Fields of Fire: Emancipation and Resistance in Colombia identifies the concept of the emancipatory network as a coordination of loose, discrete, and differentiated actors to explain how activists successfully practice high-risk activism. Illustrating that previous studies on high-risk activism come to contradictory conclusions, Louis Edgar Esparza argues that networks rather than individual characteristics are associated with mobilization. The book features unique ethnographic material of a Colombian sugarcane worker strike and includes interviews with workers and human rights activists in Valle del Cauca and Bogotá that reveal different forms of knowledge that activists bring to a social movement. It argues that the combination of these different forms of knowledge bolsters the movement’s resiliency in the face of repression. The book provides a counterfactual chapter, illustrating a lack of mobilization where the emancipatory network is absent. Ultimately, it integrates English and Spanish-language social movement literatures, revealing important theoretical insights, and is detailed with data from various sources to outline the state context of social movement action.

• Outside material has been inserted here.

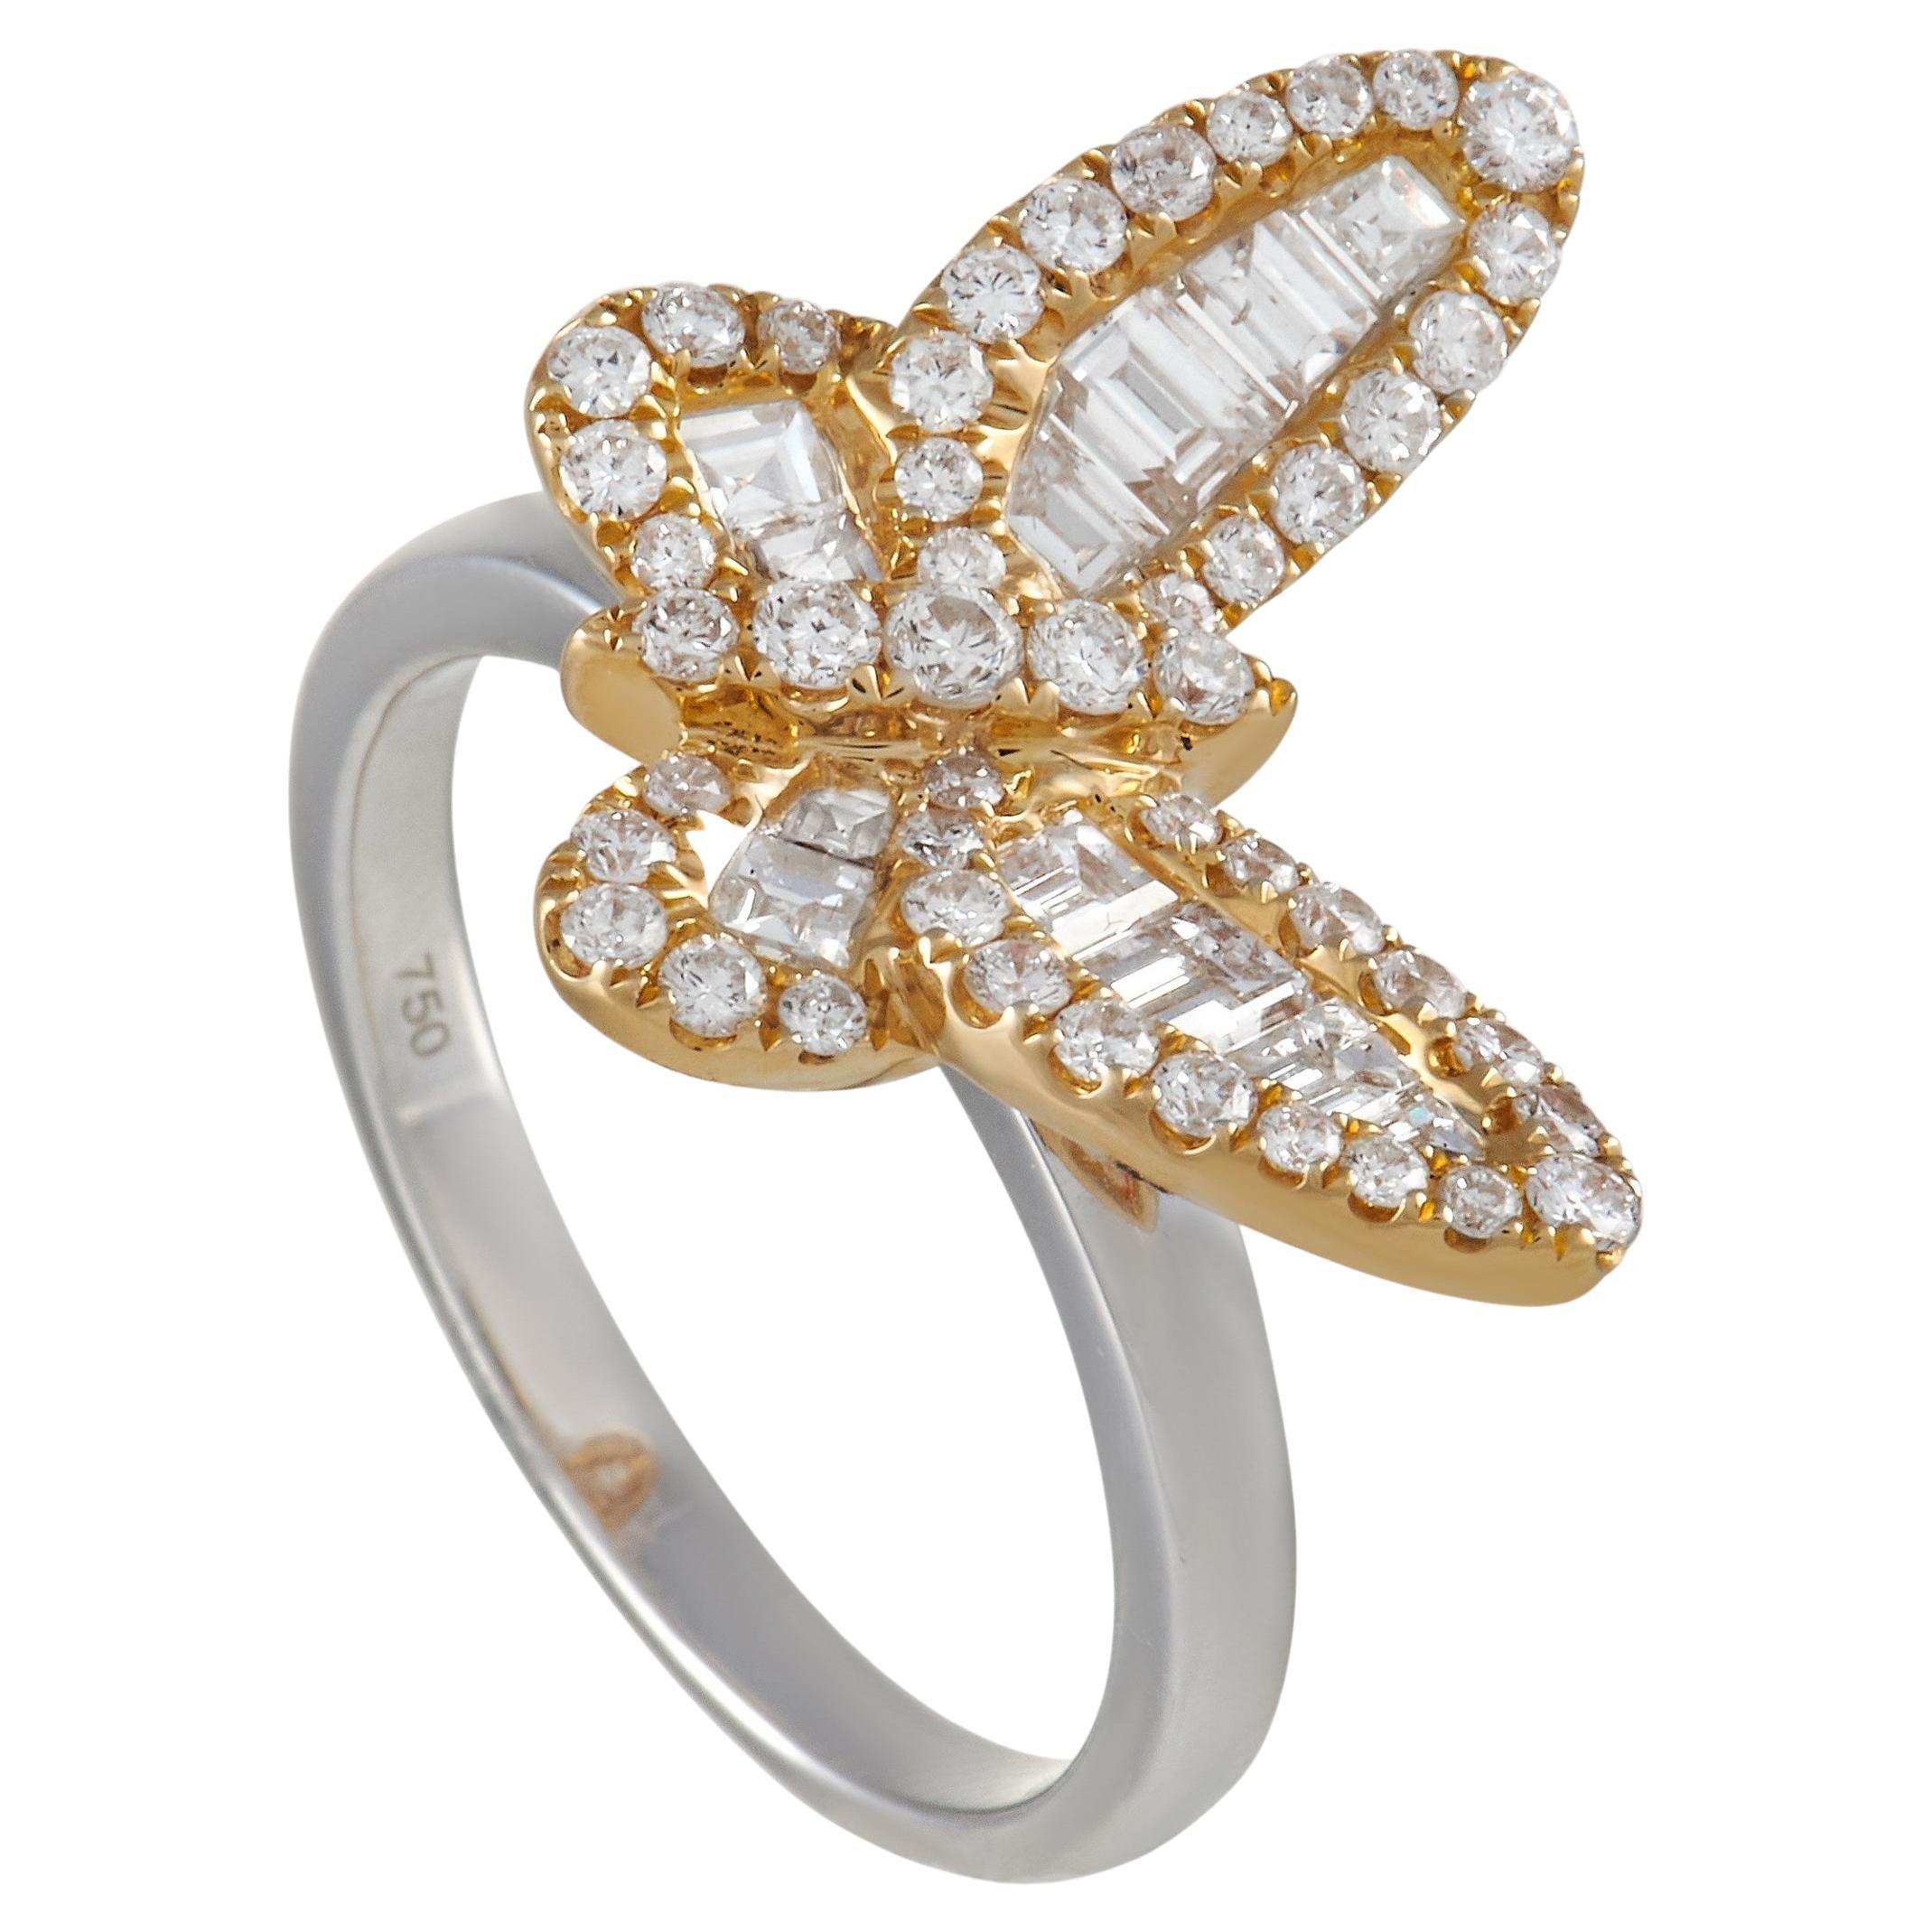 LB Exclusive 18K White and Yellow Gold 1.33 Ct Diamond Butterfly Ring For Sale

Louis Edgar Esparza is professor of sociology at California State University-Los Angeles.
Table of Contents
List of Figures
Chapter 1 Risk
Chapter 2 Emancipatory Networks
Chapter 3 Humiliation
Chapter 4 Leadership
Chapter 5 Bogotá
Chapter 6 Conclusion
About the author
This is a brilliant and entertaining study of rural Colombia, showing how invisible social networks actually work to spark political action, often suddenly and surprisingly. It combines poetic ethnographic observation with high-level theories of political action.
Situated at the crossroad of social movement scholarship and Latin American Studies, a peak moment of political contention in Colombia's recent history is told with the accuracy of a social scientist, the vivid descriptions of an intrepid ethnographer and the empathy of a native son.
Esparza's lively comparative study of Colombian social movements will fascinate readers interested in the possibilities for and efficacy of collective action in repressive political contexts. Among other findings, Esparza demonstrates how feelings of humiliation can produce rebellion as much as quiescence.